The data section start
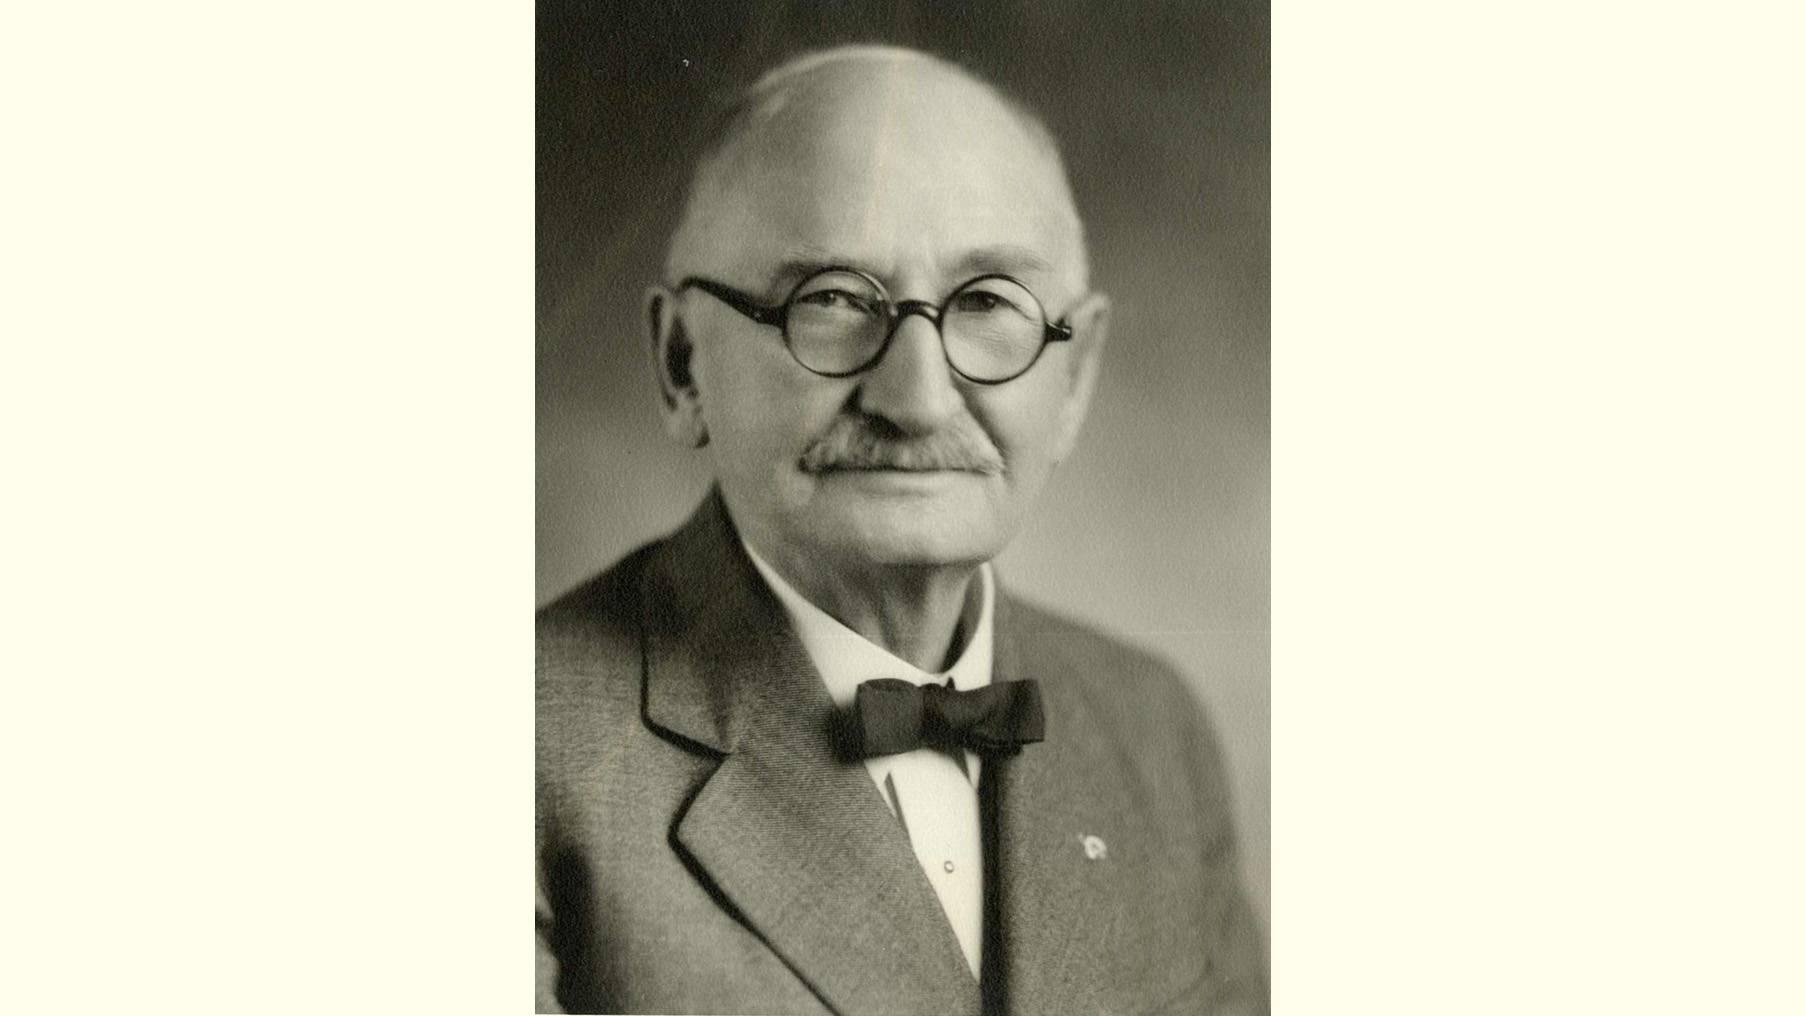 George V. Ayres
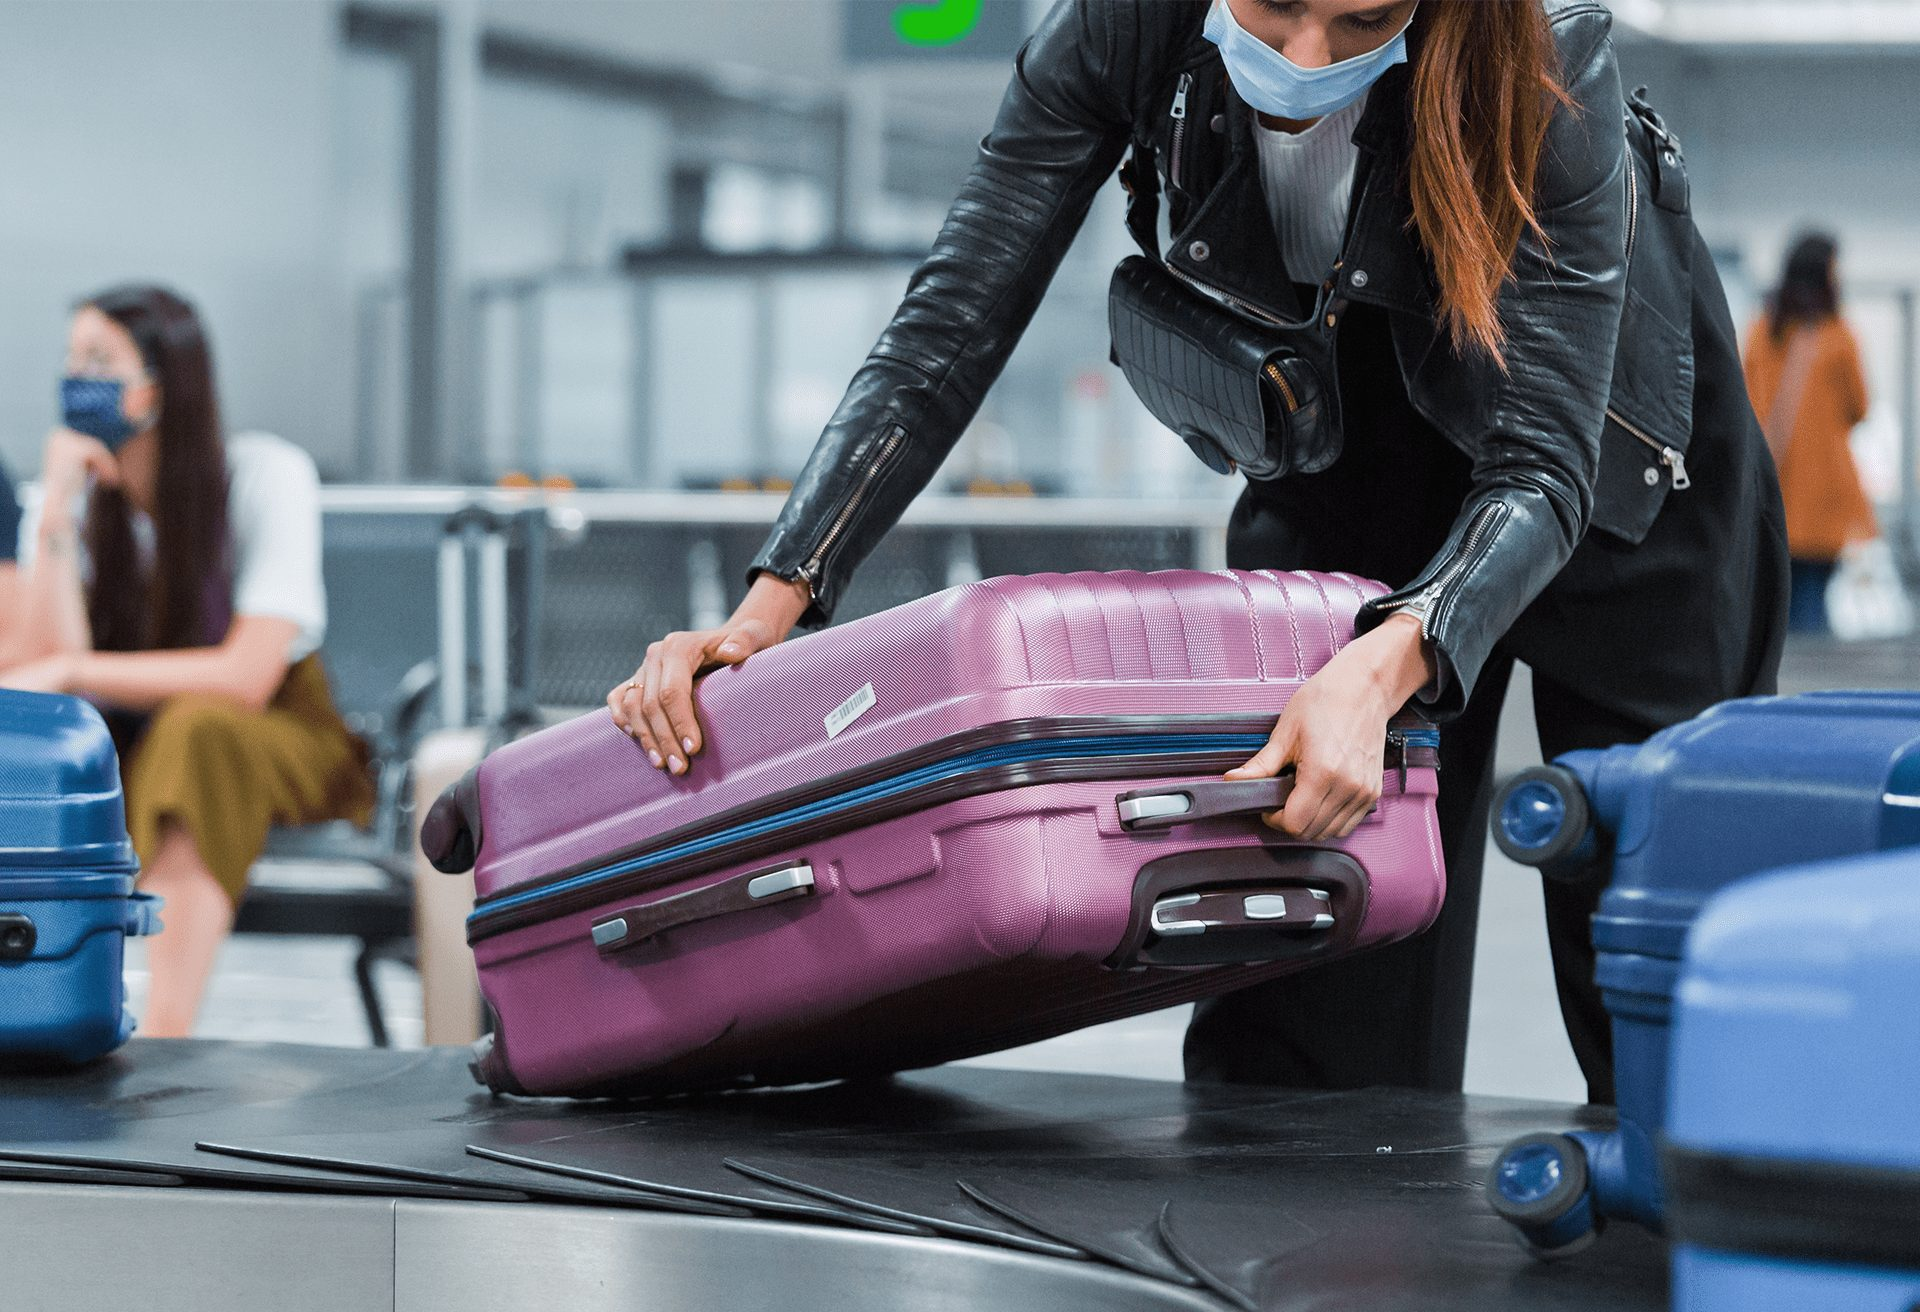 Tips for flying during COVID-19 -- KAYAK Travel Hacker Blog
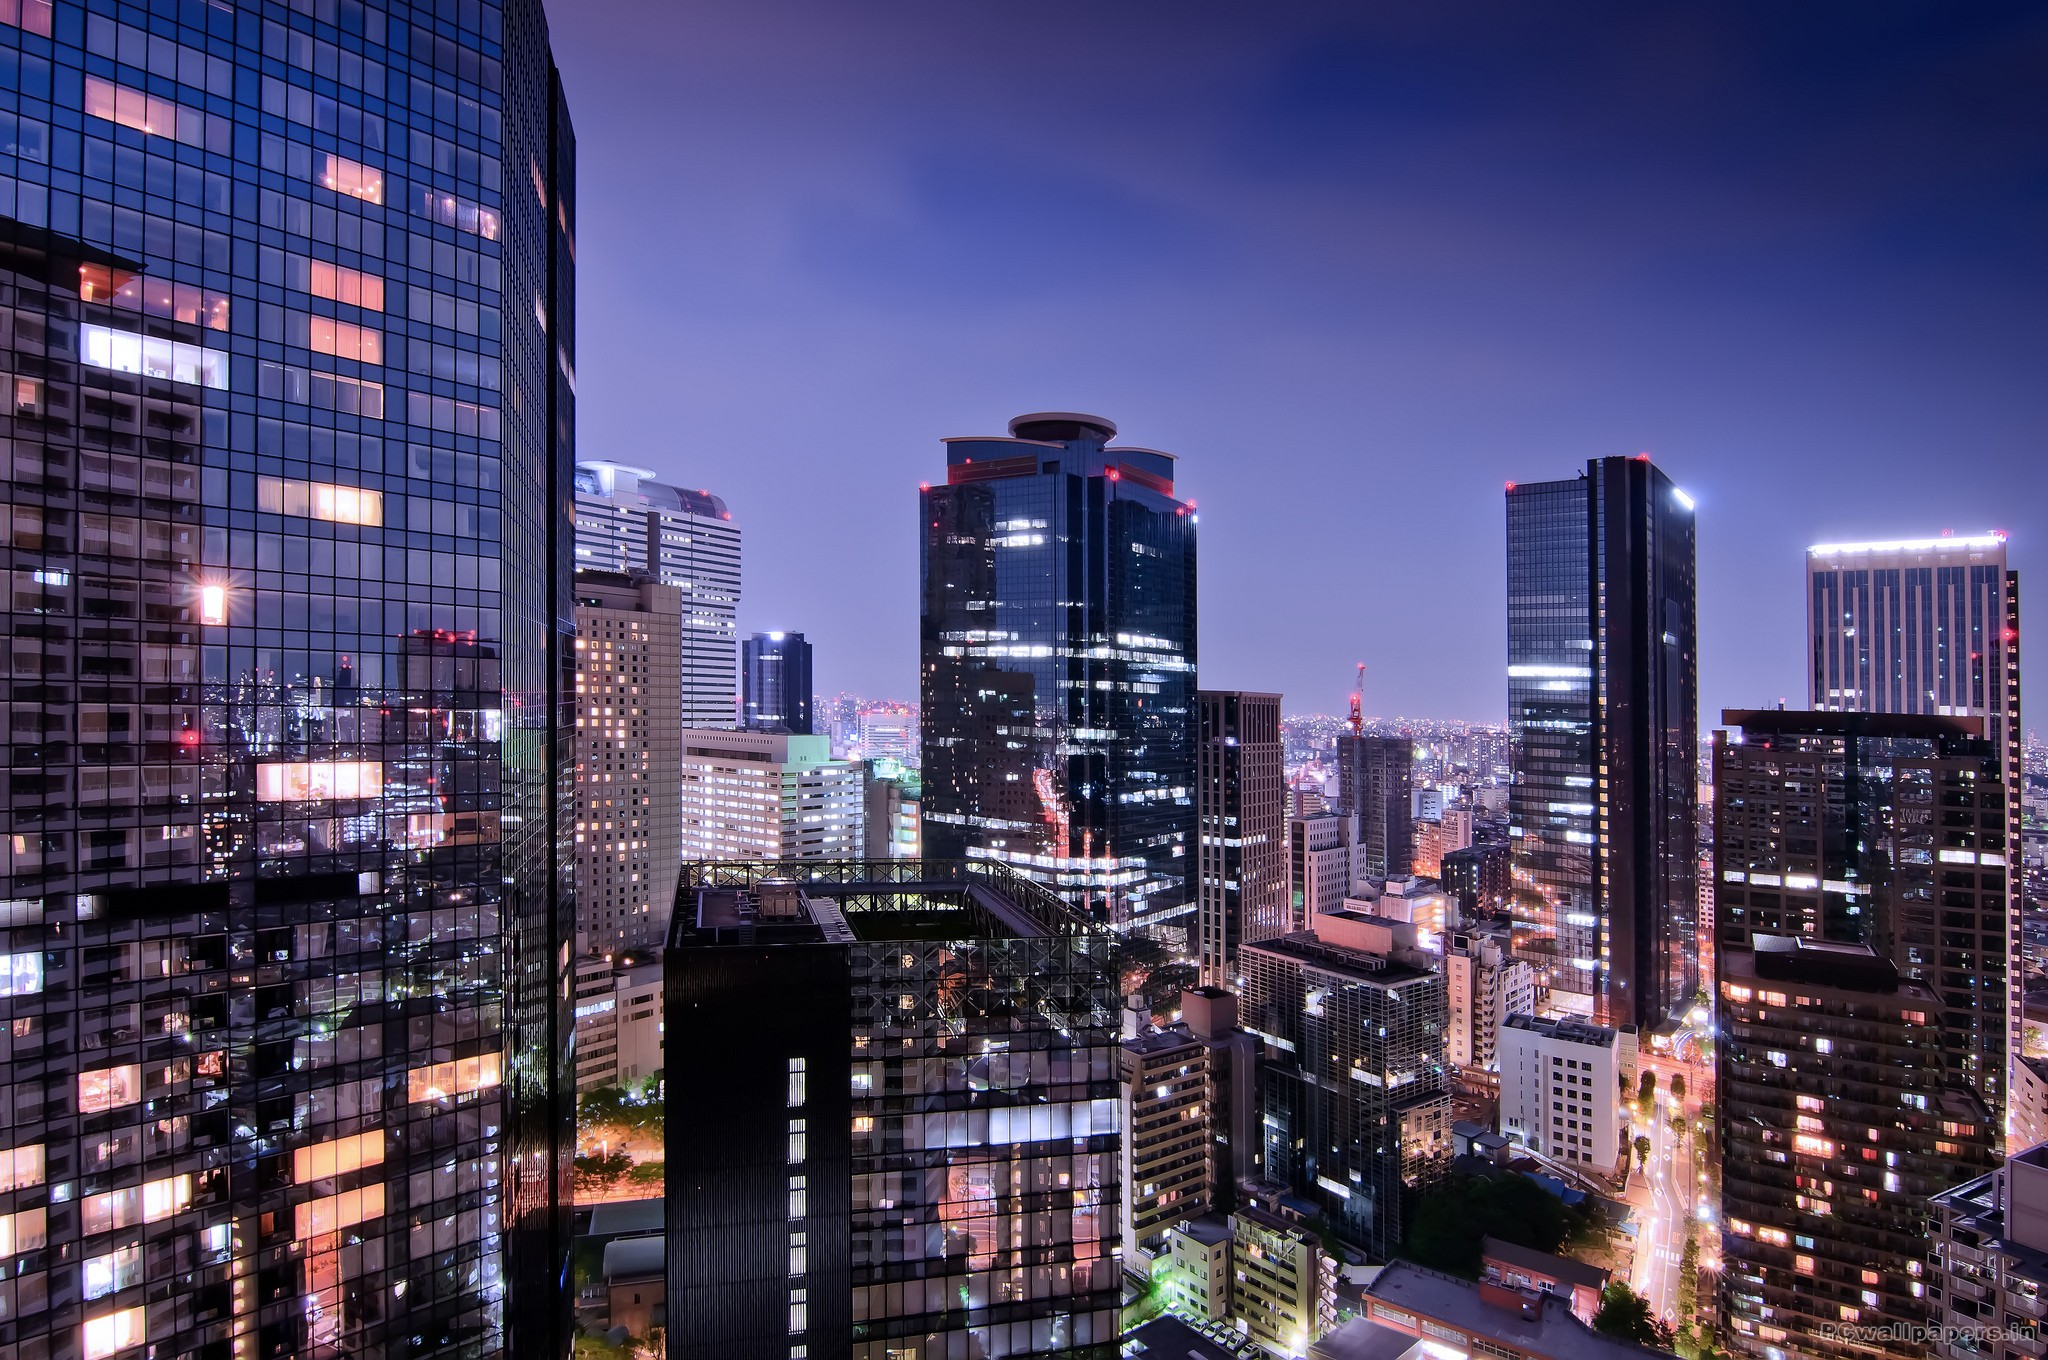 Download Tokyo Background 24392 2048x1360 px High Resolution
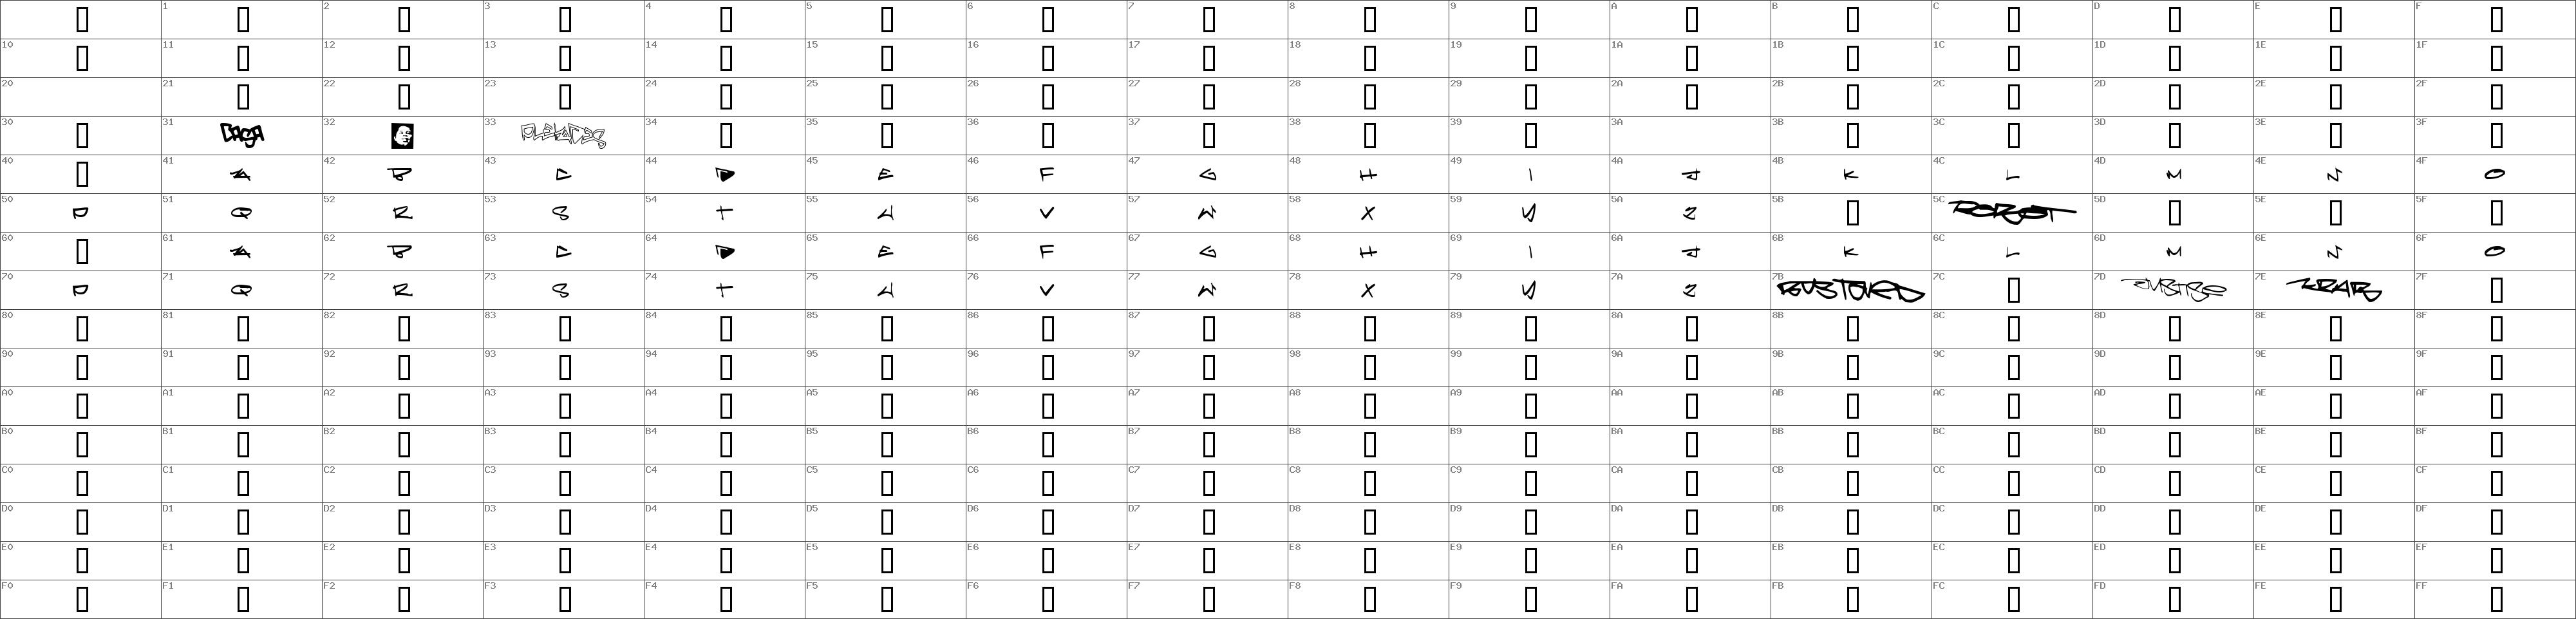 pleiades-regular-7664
The data section end
▸ What is needed: Starting at the line that holds "Tips for flying", copy each line exactly through the end of the material above, keeping both ends and dropping the pictures.

▸ Solution to this exercise:
 Tips for flying during COVID-19 -- KAYAK Travel Hacker Blog
 Download Tokyo Background 24392 2048x1360 px High Resolution
 pleiades-regular-7664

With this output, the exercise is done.